* **INSTRUCTIONS TO FOLLOW**:
In the listing below, find the line containing "WORLD OTAFY PROJECT" and the line containing "Enter the realm". Repeat exactly those two lines and every line between them.

* **DATA SHOWN**:
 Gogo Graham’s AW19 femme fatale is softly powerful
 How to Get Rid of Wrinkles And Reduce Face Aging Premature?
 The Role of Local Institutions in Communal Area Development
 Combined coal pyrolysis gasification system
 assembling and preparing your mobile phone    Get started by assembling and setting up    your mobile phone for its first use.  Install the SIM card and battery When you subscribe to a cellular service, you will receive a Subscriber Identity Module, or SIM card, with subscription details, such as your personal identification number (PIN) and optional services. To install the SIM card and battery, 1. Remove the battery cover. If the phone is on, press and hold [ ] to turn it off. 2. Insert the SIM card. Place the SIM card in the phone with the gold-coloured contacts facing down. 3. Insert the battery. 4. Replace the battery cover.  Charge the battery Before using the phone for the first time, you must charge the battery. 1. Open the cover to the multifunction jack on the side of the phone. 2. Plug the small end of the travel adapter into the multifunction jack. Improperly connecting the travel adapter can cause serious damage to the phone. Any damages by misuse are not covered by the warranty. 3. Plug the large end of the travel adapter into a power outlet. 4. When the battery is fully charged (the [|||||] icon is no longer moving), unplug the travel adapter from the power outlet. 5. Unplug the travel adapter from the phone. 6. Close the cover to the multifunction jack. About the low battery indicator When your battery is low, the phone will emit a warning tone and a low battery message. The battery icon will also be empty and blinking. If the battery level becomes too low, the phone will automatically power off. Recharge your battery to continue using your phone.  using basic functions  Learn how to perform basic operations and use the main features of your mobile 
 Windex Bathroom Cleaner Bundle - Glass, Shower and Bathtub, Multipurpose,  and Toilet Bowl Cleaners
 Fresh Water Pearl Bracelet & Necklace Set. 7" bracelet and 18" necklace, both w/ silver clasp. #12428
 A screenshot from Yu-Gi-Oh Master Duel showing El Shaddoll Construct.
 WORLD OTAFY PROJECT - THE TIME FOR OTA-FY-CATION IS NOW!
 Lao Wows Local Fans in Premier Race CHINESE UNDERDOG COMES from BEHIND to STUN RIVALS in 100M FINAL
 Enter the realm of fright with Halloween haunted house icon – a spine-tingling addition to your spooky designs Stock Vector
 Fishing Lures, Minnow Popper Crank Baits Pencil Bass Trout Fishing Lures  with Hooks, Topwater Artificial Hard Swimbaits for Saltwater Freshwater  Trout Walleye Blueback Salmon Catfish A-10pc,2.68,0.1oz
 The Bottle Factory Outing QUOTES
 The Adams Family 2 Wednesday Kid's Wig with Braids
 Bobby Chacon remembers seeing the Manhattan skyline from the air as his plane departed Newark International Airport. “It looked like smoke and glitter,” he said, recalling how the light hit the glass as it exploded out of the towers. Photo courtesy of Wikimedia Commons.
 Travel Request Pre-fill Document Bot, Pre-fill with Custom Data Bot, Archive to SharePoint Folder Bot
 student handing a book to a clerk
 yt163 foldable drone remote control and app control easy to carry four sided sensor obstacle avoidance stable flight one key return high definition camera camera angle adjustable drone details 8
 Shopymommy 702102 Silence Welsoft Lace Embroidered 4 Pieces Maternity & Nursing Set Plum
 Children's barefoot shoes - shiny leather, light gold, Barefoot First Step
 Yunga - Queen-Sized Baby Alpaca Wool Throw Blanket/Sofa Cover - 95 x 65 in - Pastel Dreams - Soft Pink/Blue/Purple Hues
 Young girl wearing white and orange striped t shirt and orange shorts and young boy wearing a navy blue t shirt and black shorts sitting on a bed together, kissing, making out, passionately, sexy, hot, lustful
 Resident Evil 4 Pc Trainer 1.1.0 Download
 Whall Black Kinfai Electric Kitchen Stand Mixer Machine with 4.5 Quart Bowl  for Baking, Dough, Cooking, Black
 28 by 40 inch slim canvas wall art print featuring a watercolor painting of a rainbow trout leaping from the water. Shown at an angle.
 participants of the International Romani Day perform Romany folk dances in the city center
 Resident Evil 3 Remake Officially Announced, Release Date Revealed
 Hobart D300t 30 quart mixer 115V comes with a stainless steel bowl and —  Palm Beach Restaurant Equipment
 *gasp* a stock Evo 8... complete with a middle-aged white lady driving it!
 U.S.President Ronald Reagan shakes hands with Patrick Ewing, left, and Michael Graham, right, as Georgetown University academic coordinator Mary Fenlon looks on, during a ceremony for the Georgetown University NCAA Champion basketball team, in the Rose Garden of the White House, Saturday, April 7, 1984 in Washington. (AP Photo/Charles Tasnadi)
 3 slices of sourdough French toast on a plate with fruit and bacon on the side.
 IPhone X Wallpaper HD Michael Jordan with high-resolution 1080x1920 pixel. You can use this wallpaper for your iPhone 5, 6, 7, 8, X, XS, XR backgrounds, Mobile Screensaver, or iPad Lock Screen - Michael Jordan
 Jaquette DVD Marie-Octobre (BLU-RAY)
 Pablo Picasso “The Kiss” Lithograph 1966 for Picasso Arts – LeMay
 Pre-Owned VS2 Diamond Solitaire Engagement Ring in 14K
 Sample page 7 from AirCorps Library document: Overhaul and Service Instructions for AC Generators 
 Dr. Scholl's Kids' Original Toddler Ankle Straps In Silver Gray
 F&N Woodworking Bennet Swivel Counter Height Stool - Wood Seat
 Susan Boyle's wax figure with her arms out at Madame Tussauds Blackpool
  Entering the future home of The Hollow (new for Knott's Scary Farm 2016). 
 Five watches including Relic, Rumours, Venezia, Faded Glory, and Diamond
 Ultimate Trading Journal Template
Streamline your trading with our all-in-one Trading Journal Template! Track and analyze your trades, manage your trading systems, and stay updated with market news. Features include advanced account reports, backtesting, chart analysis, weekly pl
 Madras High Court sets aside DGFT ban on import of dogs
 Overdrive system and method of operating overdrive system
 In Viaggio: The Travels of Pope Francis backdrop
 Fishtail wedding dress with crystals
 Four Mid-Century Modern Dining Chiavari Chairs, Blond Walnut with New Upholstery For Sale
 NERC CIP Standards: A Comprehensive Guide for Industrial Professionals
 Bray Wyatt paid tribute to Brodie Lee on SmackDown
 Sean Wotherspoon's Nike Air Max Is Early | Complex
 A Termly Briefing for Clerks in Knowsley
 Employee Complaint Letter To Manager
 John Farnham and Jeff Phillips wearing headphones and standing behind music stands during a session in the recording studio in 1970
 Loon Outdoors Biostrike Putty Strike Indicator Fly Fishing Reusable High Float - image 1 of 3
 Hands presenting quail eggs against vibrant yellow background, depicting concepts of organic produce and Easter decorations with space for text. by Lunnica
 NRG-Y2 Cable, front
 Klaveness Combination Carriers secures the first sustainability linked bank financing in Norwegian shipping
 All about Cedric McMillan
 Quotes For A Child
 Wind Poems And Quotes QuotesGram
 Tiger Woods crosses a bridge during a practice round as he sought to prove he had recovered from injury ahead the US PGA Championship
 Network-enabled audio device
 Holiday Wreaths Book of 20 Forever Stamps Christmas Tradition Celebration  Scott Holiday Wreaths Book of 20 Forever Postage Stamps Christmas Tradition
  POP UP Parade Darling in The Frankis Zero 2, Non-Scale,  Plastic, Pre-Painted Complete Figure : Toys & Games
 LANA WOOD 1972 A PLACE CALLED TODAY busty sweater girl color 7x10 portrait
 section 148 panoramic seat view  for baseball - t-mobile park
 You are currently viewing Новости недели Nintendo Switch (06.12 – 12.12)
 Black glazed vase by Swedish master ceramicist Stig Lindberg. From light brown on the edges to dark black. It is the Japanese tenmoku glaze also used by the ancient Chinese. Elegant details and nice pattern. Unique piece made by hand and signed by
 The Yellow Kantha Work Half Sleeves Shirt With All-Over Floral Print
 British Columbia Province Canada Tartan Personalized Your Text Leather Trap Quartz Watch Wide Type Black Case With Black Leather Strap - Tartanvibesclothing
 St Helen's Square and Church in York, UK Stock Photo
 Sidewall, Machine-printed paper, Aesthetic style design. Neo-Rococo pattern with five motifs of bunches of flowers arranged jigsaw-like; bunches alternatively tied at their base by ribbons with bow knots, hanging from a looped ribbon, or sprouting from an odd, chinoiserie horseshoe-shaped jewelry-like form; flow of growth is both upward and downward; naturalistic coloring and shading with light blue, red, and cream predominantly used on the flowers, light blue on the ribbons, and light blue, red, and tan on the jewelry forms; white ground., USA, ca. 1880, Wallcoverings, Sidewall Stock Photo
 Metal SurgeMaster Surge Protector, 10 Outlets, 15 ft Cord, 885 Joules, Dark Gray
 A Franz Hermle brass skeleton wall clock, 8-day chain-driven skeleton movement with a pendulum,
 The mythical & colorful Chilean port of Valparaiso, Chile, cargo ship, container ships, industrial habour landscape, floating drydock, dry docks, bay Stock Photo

* **RESPONSE BOX**:
 WORLD OTAFY PROJECT - THE TIME FOR OTA-FY-CATION IS NOW!
 Lao Wows Local Fans in Premier Race CHINESE UNDERDOG COMES from BEHIND to STUN RIVALS in 100M FINAL
 Enter the realm of fright with Halloween haunted house icon – a spine-tingling addition to your spooky designs Stock Vector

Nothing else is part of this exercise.